Wolfe suggests that quality control staff be physically located away from a lenders' production staff, to provide autonomy. She also said managers will often "buy in" to compliance if they are shown how small mistakes affect a company's costs. If they are given suggestions on how to fix the problems, "it takes a huge load off their shoulders," Wolfe said. "You go from being a pain in the butt to a huge ally."

She also gave examples of how high-risk loans can eat into a financial institution's revenue, using the scenario of a hypothetical bank that originates $6 billion in loans a year with an average loan size of $200,000, or 30,000 loans per year. The lender might review a sample of 100 loans per month and find five to be high risk. If that 5% rate of high-risk loans is applied to the total monthly volume, the lender could be faced with 125 problematic loans, or $25 million in loan funding, at risk every month.

Using an estimated 10% loss rate to cover repurchase, carrying costs, discounts for resale and other expenses, the lender could ratchet up potential losses as high as $30 million per year.

In a second scenario, Wolfe outlined a smaller mortgage shop with $600 million in annual loan volume and a 4% rate of high-risk loans. Using the same average loan amount and loss rate assumptions, that small lender could be putting $2 million in funding at risk every month and incur annual losses of $2.4 million.

While lenders are grudgingly expanding compliance programs they also are pushing back.

Bill Cosgrove, the CEO of Union Mortgage in Strongsville, Ohio, said mortgage lenders should not have to buy back loans for simple mistakes. Doing so has had a chilling effect on lending.

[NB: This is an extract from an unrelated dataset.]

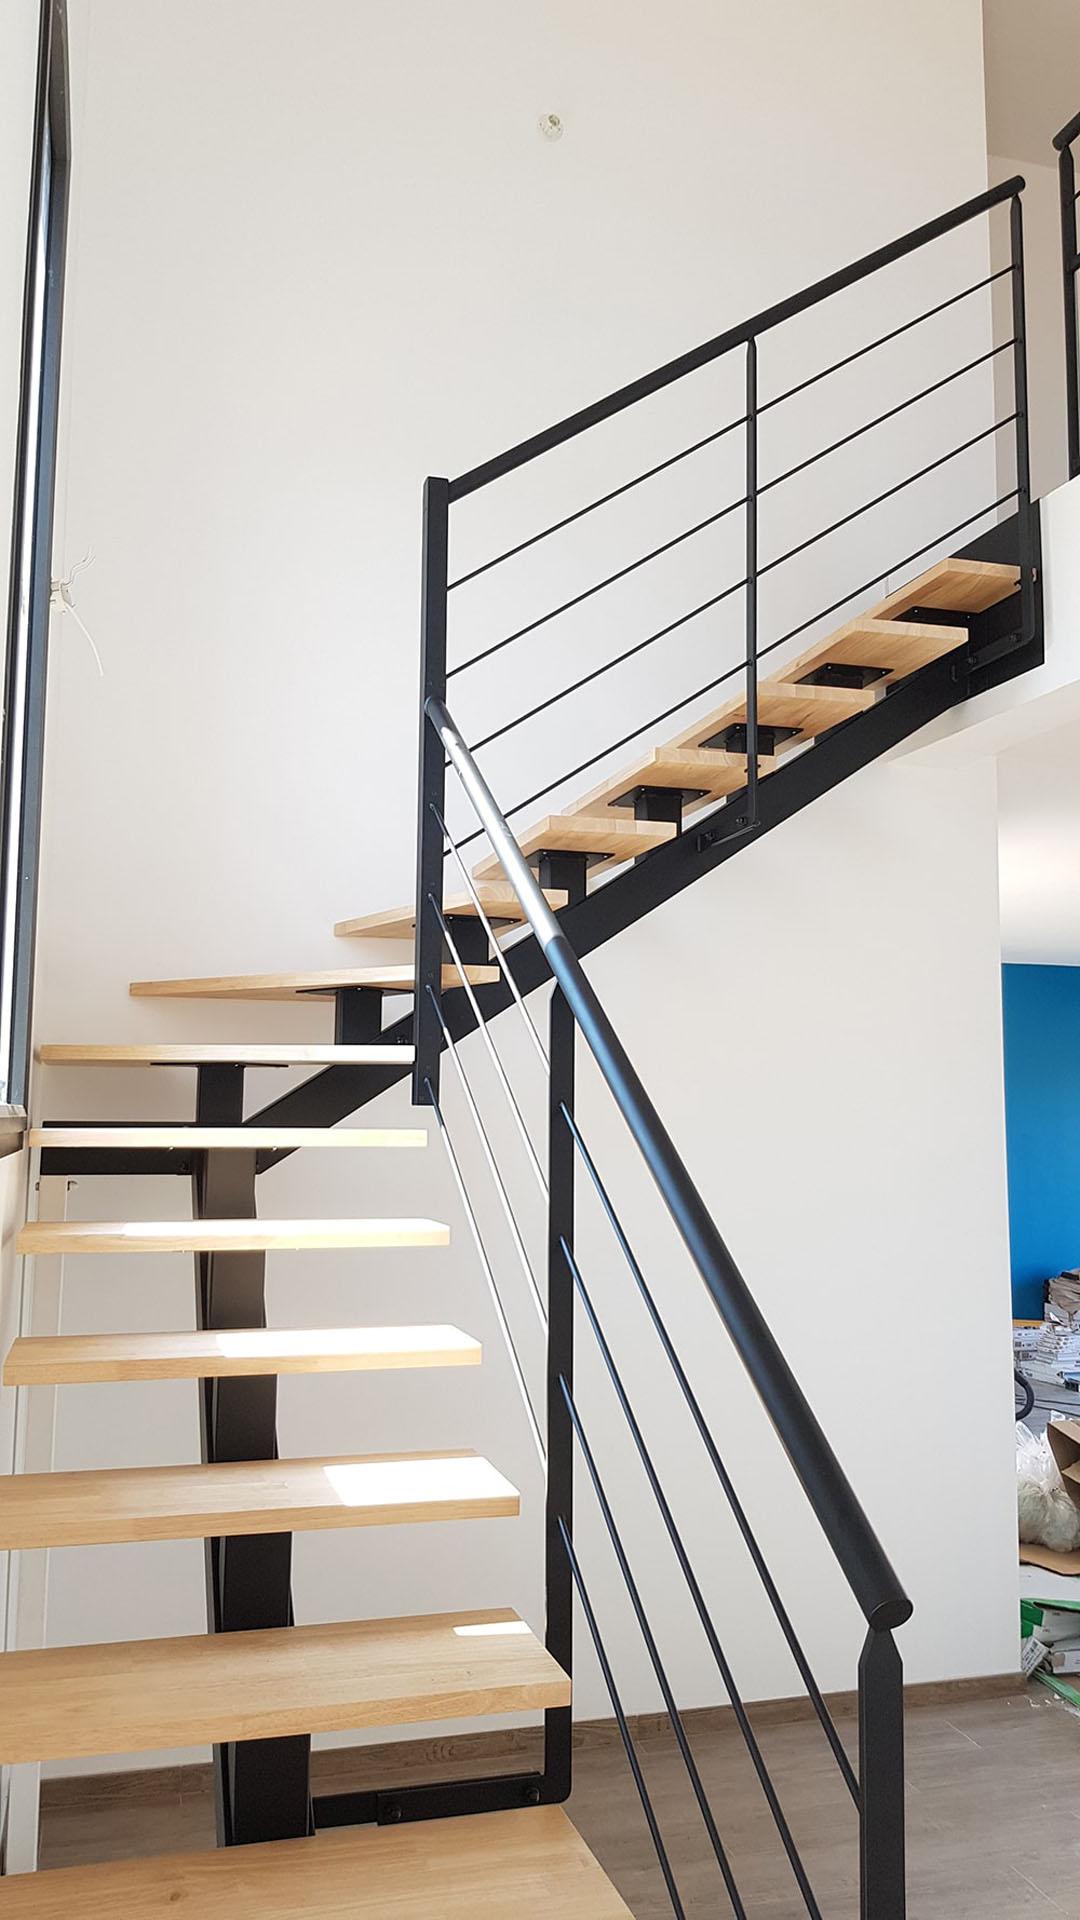 fer-et-tendance-garde-corps-escalier-acier-min

"We are trying to develop a bucket where there are minor, middle issues and major repurchase triggers," said Cosgrove, the chairman-elect of the Mortgage Bankers Association.

"Today that system is not in place and lenders are suffering. When you have 'I got you' penalties, overlays come into play. When a loan goes delinquent, it has to be a material defect," to trigger a buyback, he said.

Lenders have adopted so-called credit overlays to reduce lending to riskier borrowers. Overlays are simply higher FICO score requirements above and beyond what Fannie, Freddie or the FHA allow.

Higher compliance costs come at a time when lenders are struggling with a drop in loan volume and tight profit margins. But Candace Kubida, the director of loan quality at Fannie Mae, said lenders can be smarter in how they test for loan defects.

"Risks are infinite and constantly changing," Kubida said. "Understanding the metrics coming out of a QC program is critical."

Since cost is an issue, Kubida suggests that banks and mortgage lenders focus on targeted reviews that are more effective at identifying riskier loans. Targeted reviews might include testing a sample of loans that were made to self-employed borrowers, were originated at new bank branch, or worked on a new processor or underwriter. Instead of doing 40 "full file" reviews, painstakingly going through a 500-page loan file, a lender might do 20 full file reviews and 60 targeted reviews, Kubida said.

"Doing a targeted review takes a fraction of the time because you're only looking at that component that causes heartburn in your organization," she said.